In my role, I primarily work autonomously yet there's always a team element involved. Everyday I'm amazed by the team around me and filled with the utmost respect. I've learned so much from them on a personal level - likely without them even realizing. I've requested fast-feedback from my manager and appreciate the open communication and trust. I get quite passionate with ideas for my work. Some ideas I'll bounce off her and others in the team. For larger initiatives, a more effective result then occurs. I acknowledge the motives of myself and the manager may differ slightly but so long as the end-result is achieved, or at the very least attempted and learned from, that's what matters. 


RD - maybe money isn't the main financial driver for the people in your team. It would be interesting to discover what motivates them and how they view the manager role you are trying to fill.


On a side note, I listened to a good 'Ted' podcast recently titled 'Disruptive Leadership' - recommended!


----------



## NextTimeAround (Dec 15, 2011)

Quigster said:


> I believe very strongly in the 80/20 rule; i.e., that it's 20 percent of the people doing 80 percent of the work. The best way for a manager to inspire his employees is to roll up his sleeves and do some of that work himself. *I can't respect a manager who tells me, "This is really important, so go do it" and then sits in his office*.


I'm not really understanding this. I see it as the manager ensuring that you find the project worthy enough to pursue. 

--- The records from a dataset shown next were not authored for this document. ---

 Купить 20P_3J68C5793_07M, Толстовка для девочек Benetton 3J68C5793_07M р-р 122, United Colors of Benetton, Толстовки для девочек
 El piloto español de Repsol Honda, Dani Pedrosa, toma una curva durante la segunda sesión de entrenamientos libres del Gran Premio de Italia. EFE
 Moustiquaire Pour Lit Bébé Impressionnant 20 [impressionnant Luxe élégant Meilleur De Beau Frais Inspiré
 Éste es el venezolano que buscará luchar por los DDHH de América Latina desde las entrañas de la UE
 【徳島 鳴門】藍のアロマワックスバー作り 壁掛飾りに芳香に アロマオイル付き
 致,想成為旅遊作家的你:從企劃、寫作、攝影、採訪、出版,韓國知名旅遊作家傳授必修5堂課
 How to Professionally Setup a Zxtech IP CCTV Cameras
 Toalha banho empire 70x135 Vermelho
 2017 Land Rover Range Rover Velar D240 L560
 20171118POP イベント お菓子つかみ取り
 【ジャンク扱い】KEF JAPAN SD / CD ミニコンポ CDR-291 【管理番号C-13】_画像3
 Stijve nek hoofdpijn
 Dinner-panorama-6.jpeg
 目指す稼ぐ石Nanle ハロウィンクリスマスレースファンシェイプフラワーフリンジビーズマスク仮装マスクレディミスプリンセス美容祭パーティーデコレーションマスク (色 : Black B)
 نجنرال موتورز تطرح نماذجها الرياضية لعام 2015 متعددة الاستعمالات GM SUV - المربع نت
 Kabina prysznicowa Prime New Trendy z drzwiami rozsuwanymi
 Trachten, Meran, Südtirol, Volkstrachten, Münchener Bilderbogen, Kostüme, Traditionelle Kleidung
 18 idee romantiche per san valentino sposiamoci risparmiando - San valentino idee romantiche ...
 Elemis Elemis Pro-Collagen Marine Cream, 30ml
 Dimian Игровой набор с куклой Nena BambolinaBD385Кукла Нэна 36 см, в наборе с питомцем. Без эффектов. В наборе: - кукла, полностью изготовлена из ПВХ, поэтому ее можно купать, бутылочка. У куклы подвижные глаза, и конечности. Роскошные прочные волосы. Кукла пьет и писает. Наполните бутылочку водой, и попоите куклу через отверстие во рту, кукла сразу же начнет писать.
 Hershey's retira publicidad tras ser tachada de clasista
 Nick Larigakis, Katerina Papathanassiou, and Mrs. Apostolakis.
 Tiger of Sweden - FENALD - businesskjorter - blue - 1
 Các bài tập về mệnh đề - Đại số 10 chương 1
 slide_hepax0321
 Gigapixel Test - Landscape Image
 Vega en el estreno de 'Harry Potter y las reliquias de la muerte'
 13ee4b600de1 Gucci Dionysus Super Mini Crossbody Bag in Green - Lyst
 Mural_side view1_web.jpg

If the only projects in the office that got pursued were the ones that the manager spearheaded, it seems to me that a lot less would get done.

Is this what you meant?


----------



## Ynot (Aug 26, 2014)

I formerly managed a staff of eight to ten. A lot of my management style (involving motivating thru inspiration) ran counter to the corporate management by intimidation method. I won contests, set corporate records, made bonus every year, but was told in no uncertain terms that I wasn't what they were looking for when it came time for promotion.
Since then I have left the corporate world and I am now happily self employed with only my own time to manage. I tried enlisting the aid of my ex in the endeavor, but she wasn't interested in anything other than imposing a corporate structure which I refused to accept. 
I could grow my business, but I have no interest in managing someone else's work and so I continue on my merry way. The effort required to manage others would only bring me incremental increases in income, so as far as I am concerned they aren't worth it.


----------



## Runs like Dog (Feb 25, 2011)

I seem to have a long history of having to work for pathological micro managing control freaks. Which makes me just the reverse to the people who work for me. I expect competence but I'm not going to do your job for you to get it. Own your own responsibilities.


----------



## RandomDude (Dec 18, 2010)

heartsbeating said:


> RD - maybe money isn't the main financial driver for the people in your team. It would be interesting to discover what motivates them and how they view the manager role you are trying to fill.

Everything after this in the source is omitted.